----- DATA EXTRACT
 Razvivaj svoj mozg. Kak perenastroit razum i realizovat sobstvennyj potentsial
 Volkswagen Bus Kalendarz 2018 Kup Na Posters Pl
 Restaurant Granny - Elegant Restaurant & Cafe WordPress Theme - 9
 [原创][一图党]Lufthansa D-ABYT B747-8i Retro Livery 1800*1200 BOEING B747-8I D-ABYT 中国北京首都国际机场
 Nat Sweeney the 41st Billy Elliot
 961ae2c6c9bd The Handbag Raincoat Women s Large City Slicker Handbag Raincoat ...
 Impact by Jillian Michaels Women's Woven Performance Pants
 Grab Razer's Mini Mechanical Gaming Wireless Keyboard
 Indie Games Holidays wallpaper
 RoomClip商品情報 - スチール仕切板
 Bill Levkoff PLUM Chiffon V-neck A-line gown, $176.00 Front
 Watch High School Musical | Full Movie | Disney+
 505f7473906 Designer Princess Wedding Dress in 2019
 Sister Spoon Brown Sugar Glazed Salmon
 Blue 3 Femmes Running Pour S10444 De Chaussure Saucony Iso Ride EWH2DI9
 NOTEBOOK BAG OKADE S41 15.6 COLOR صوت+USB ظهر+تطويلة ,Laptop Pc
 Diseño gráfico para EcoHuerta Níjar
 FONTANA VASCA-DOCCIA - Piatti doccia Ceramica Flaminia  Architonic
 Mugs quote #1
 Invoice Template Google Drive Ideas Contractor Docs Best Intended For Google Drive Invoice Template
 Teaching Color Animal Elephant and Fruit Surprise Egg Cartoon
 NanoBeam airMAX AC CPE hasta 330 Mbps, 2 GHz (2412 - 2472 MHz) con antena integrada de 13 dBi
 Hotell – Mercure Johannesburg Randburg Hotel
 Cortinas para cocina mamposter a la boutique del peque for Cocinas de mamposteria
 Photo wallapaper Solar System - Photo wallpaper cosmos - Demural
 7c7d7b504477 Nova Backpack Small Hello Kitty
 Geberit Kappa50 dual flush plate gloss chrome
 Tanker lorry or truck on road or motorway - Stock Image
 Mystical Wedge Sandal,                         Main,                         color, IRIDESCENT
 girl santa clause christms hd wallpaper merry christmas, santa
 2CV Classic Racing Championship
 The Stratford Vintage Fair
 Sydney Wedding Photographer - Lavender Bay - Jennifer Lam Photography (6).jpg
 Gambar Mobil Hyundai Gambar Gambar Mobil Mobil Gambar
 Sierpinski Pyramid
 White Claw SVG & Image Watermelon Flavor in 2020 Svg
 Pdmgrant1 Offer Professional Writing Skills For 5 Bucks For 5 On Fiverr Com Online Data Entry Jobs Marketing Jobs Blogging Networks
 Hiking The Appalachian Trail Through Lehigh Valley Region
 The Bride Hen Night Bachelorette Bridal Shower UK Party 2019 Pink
----------
Please give back, exactly as it stands above, the stretch from the line with "961ae2c6c9bd The Handbag" through the line with "Tanker lorry or", and no line outside it.

 961ae2c6c9bd The Handbag Raincoat Women s Large City Slicker Handbag Raincoat ...
 Impact by Jillian Michaels Women's Woven Performance Pants
 Grab Razer's Mini Mechanical Gaming Wireless Keyboard
 Indie Games Holidays wallpaper
 RoomClip商品情報 - スチール仕切板
 Bill Levkoff PLUM Chiffon V-neck A-line gown, $176.00 Front
 Watch High School Musical | Full Movie | Disney+
 505f7473906 Designer Princess Wedding Dress in 2019
 Sister Spoon Brown Sugar Glazed Salmon
 Blue 3 Femmes Running Pour S10444 De Chaussure Saucony Iso Ride EWH2DI9
 NOTEBOOK BAG OKADE S41 15.6 COLOR صوت+USB ظهر+تطويلة ,Laptop Pc
 Diseño gráfico para EcoHuerta Níjar
 FONTANA VASCA-DOCCIA - Piatti doccia Ceramica Flaminia  Architonic
 Mugs quote #1
 Invoice Template Google Drive Ideas Contractor Docs Best Intended For Google Drive Invoice Template
 Teaching Color Animal Elephant and Fruit Surprise Egg Cartoon
 NanoBeam airMAX AC CPE hasta 330 Mbps, 2 GHz (2412 - 2472 MHz) con antena integrada de 13 dBi
 Hotell – Mercure Johannesburg Randburg Hotel
 Cortinas para cocina mamposter a la boutique del peque for Cocinas de mamposteria
 Photo wallapaper Solar System - Photo wallpaper cosmos - Demural
 7c7d7b504477 Nova Backpack Small Hello Kitty
 Geberit Kappa50 dual flush plate gloss chrome
 Tanker lorry or truck on road or motorway - Stock Image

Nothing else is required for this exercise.